**TASK PROMPT**
Pictures aside, every line of the listing should be given again exactly.

**SUPPLIED DATA**
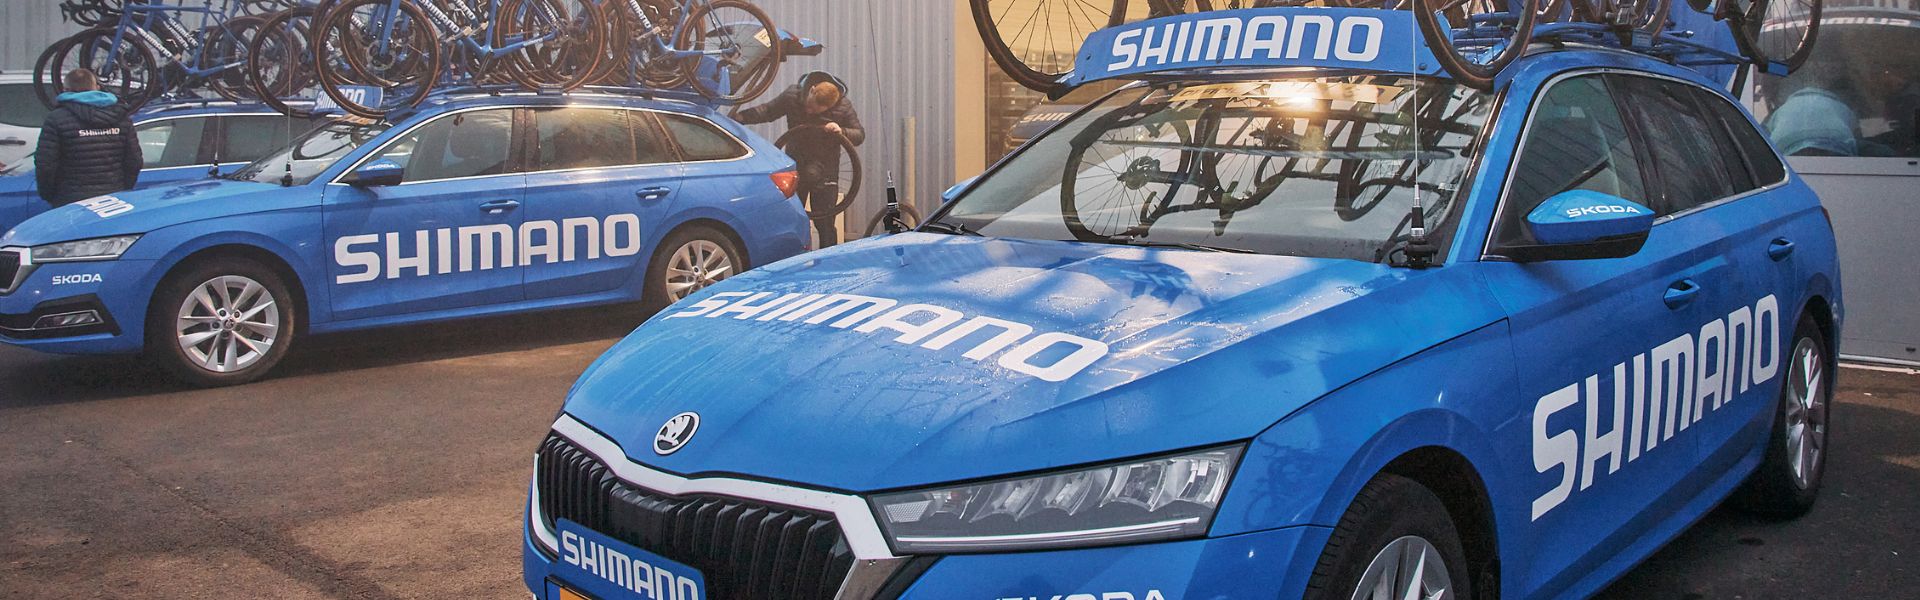 Shimano Human Science : Paris-Roubaix à vélo
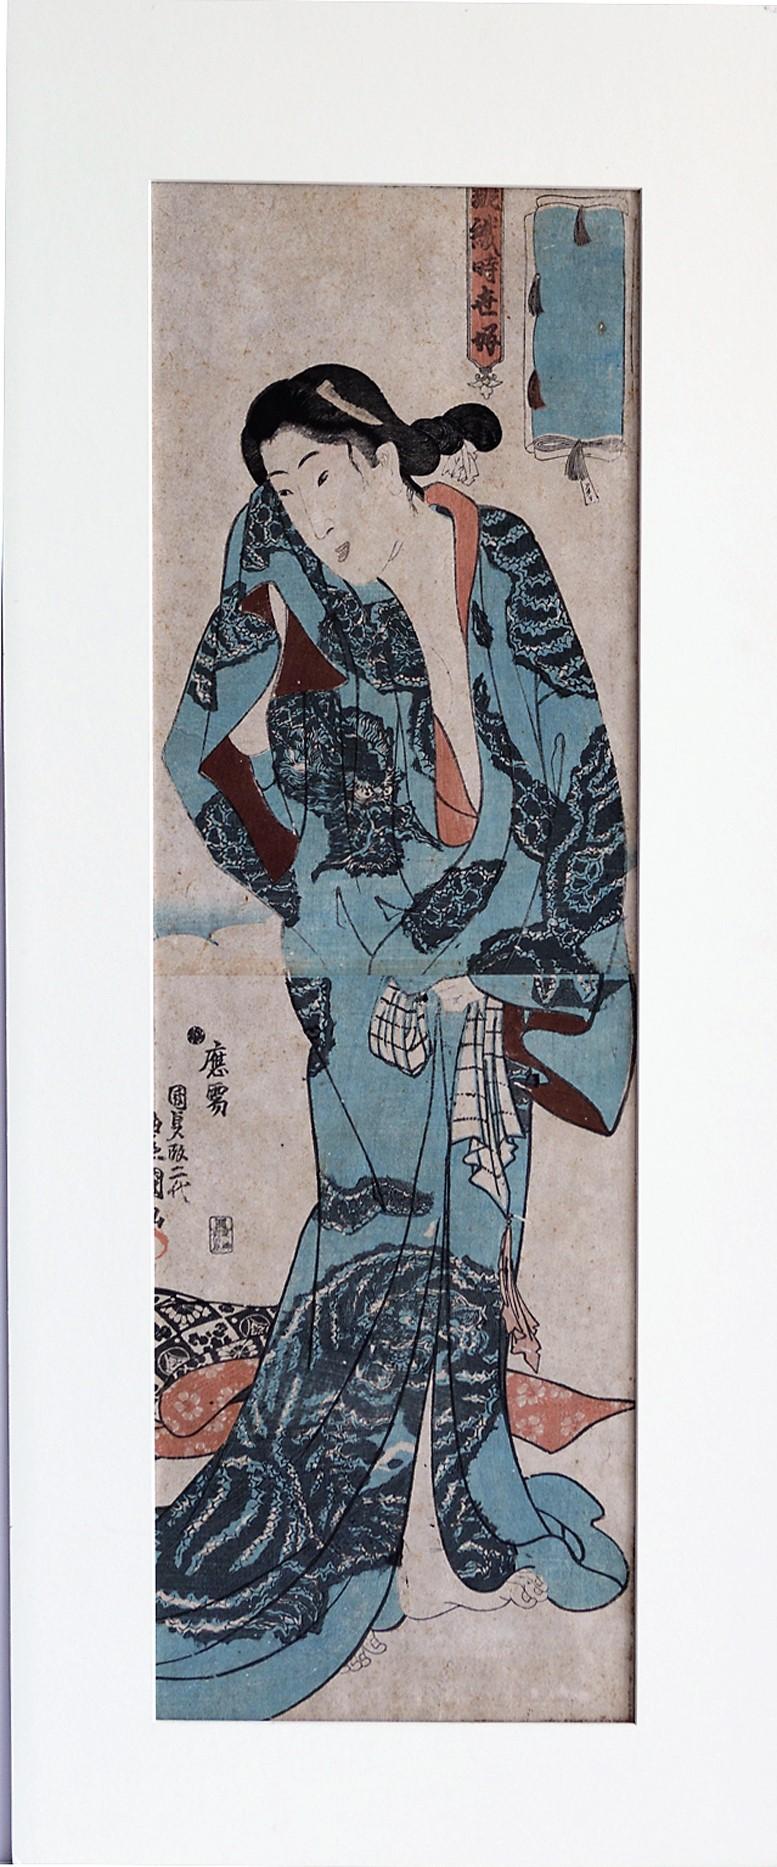 [After the Bath] - Gray Portrait Print by Utagawa Kunisada (Toyokuni III)
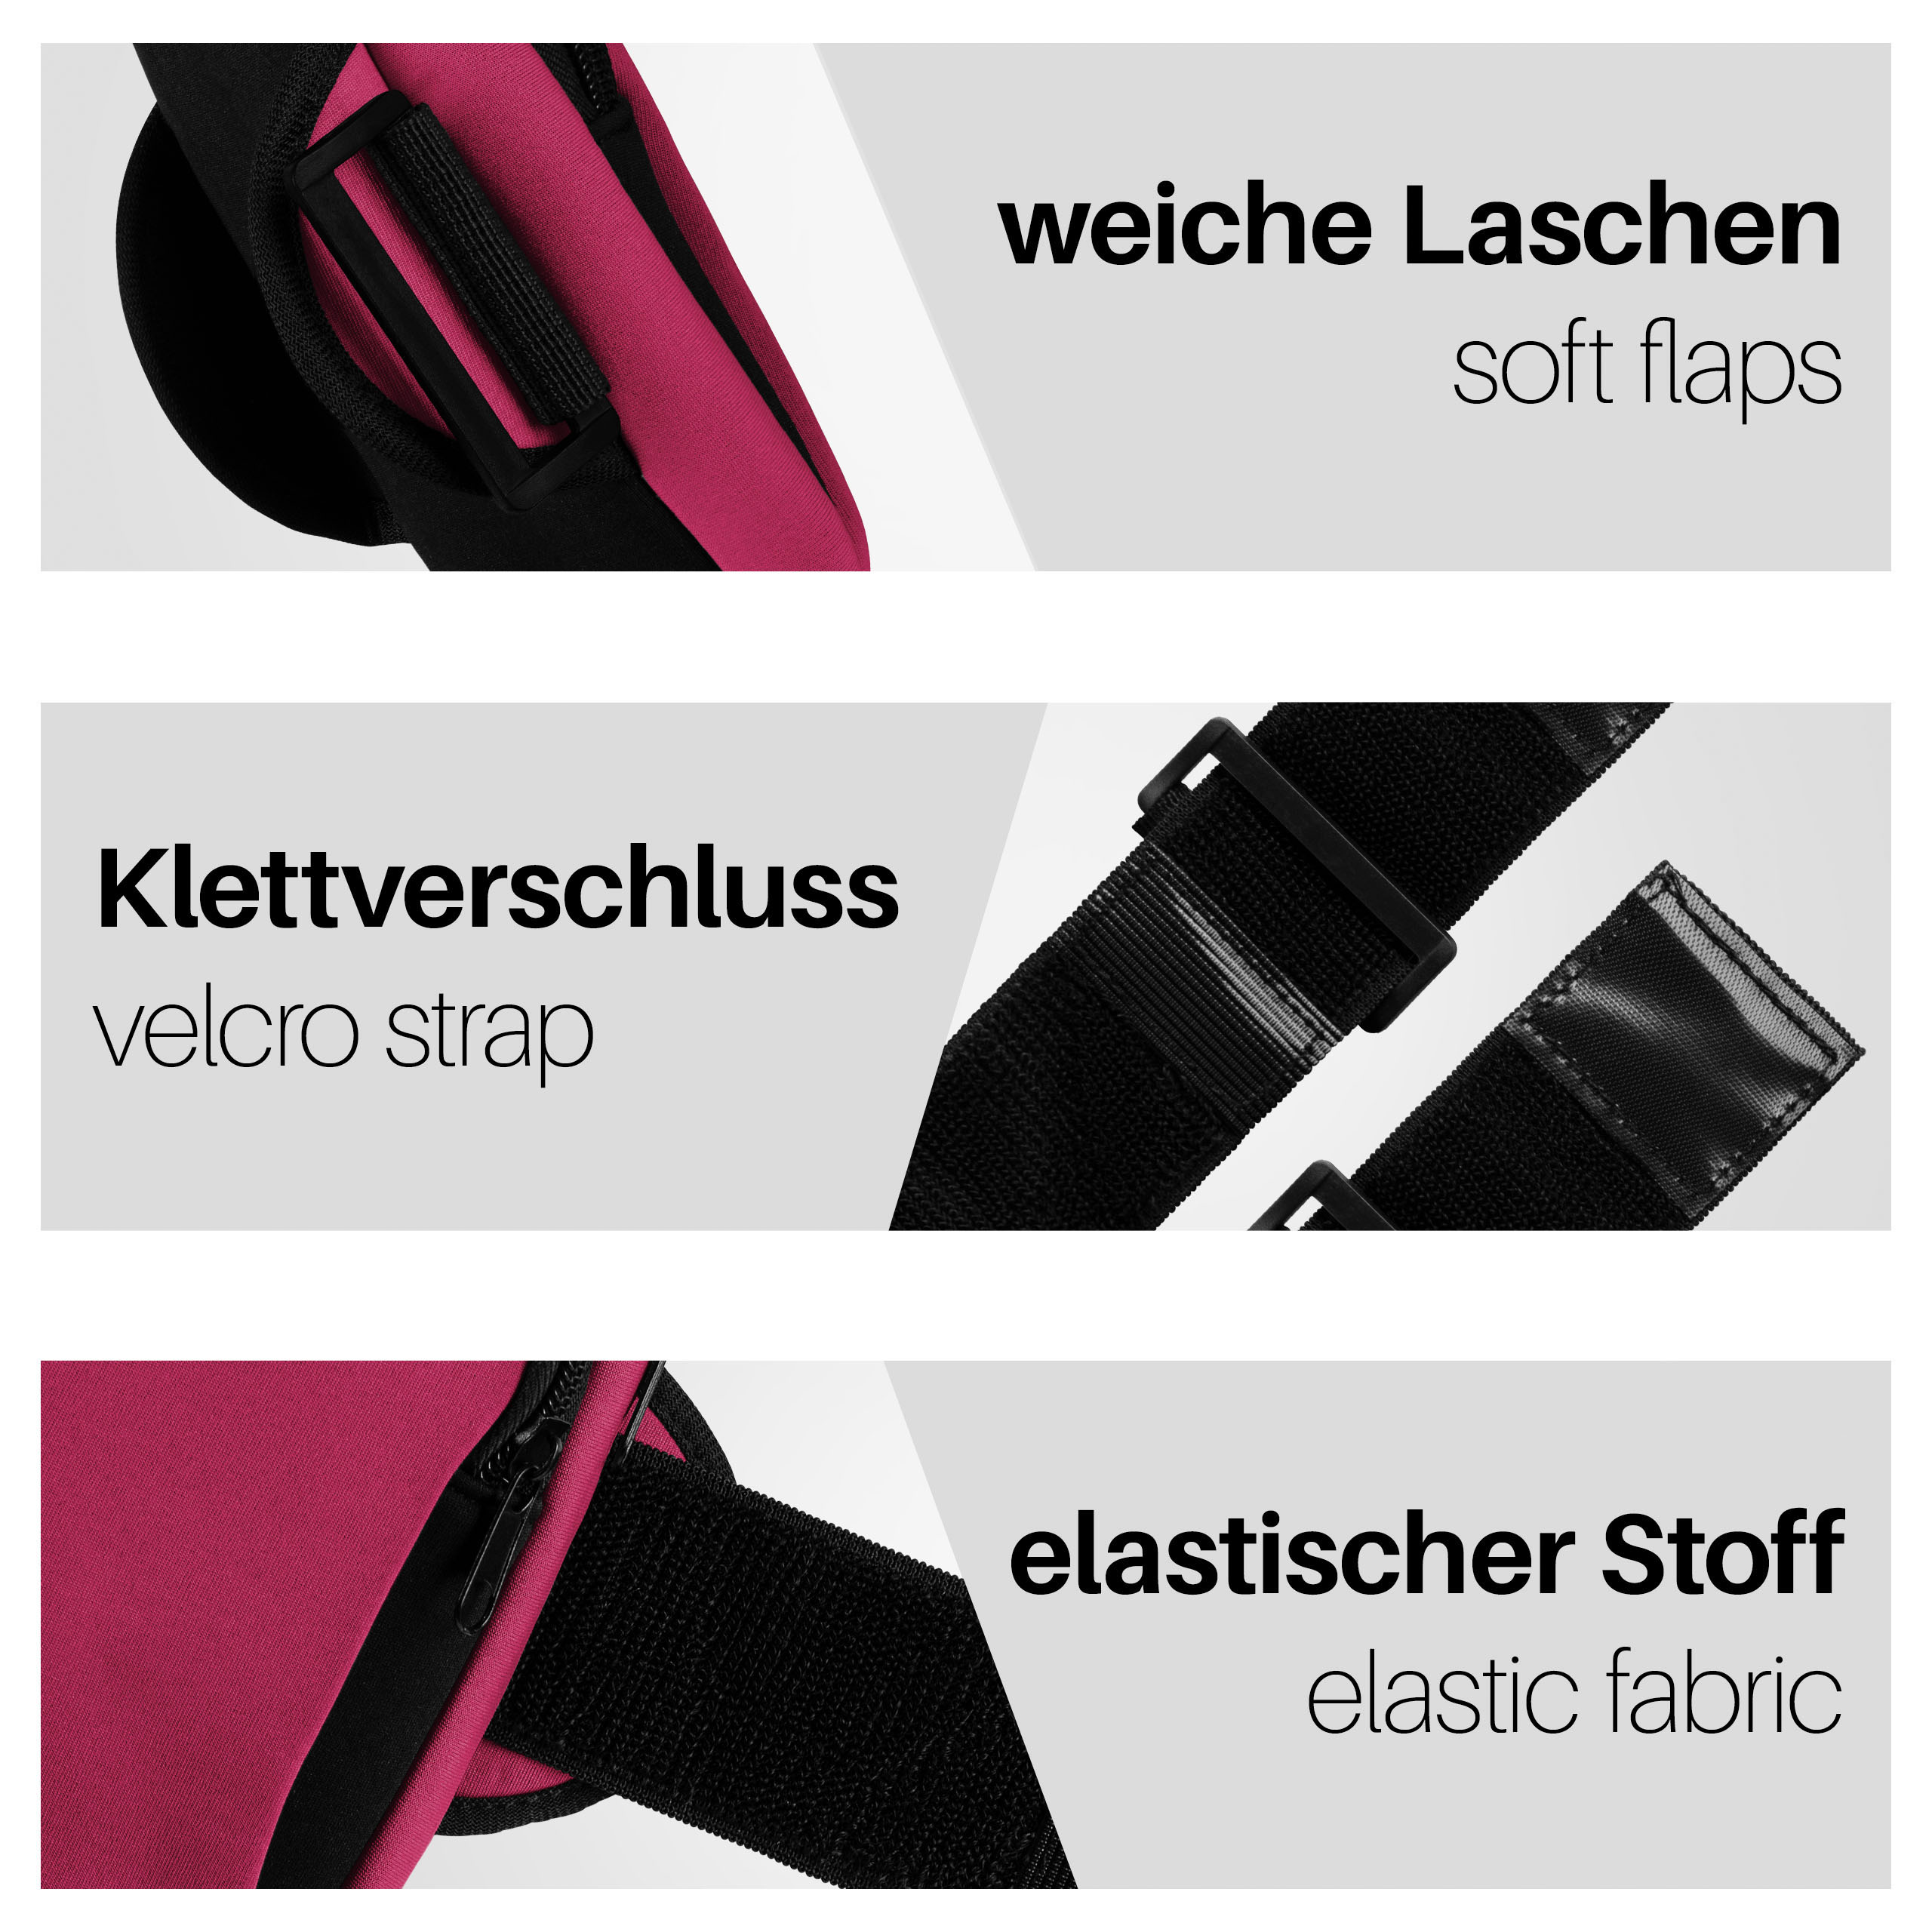 Pink MOEX LG, Full 2, Sport Armband, Stylus Cover,

**ANSWER BOX**
 Shimano Human Science : Paris-Roubaix à vélo
 [After the Bath] - Gray Portrait Print by Utagawa Kunisada (Toyokuni III)
 Pink MOEX LG, Full 2, Sport Armband, Stylus Cover,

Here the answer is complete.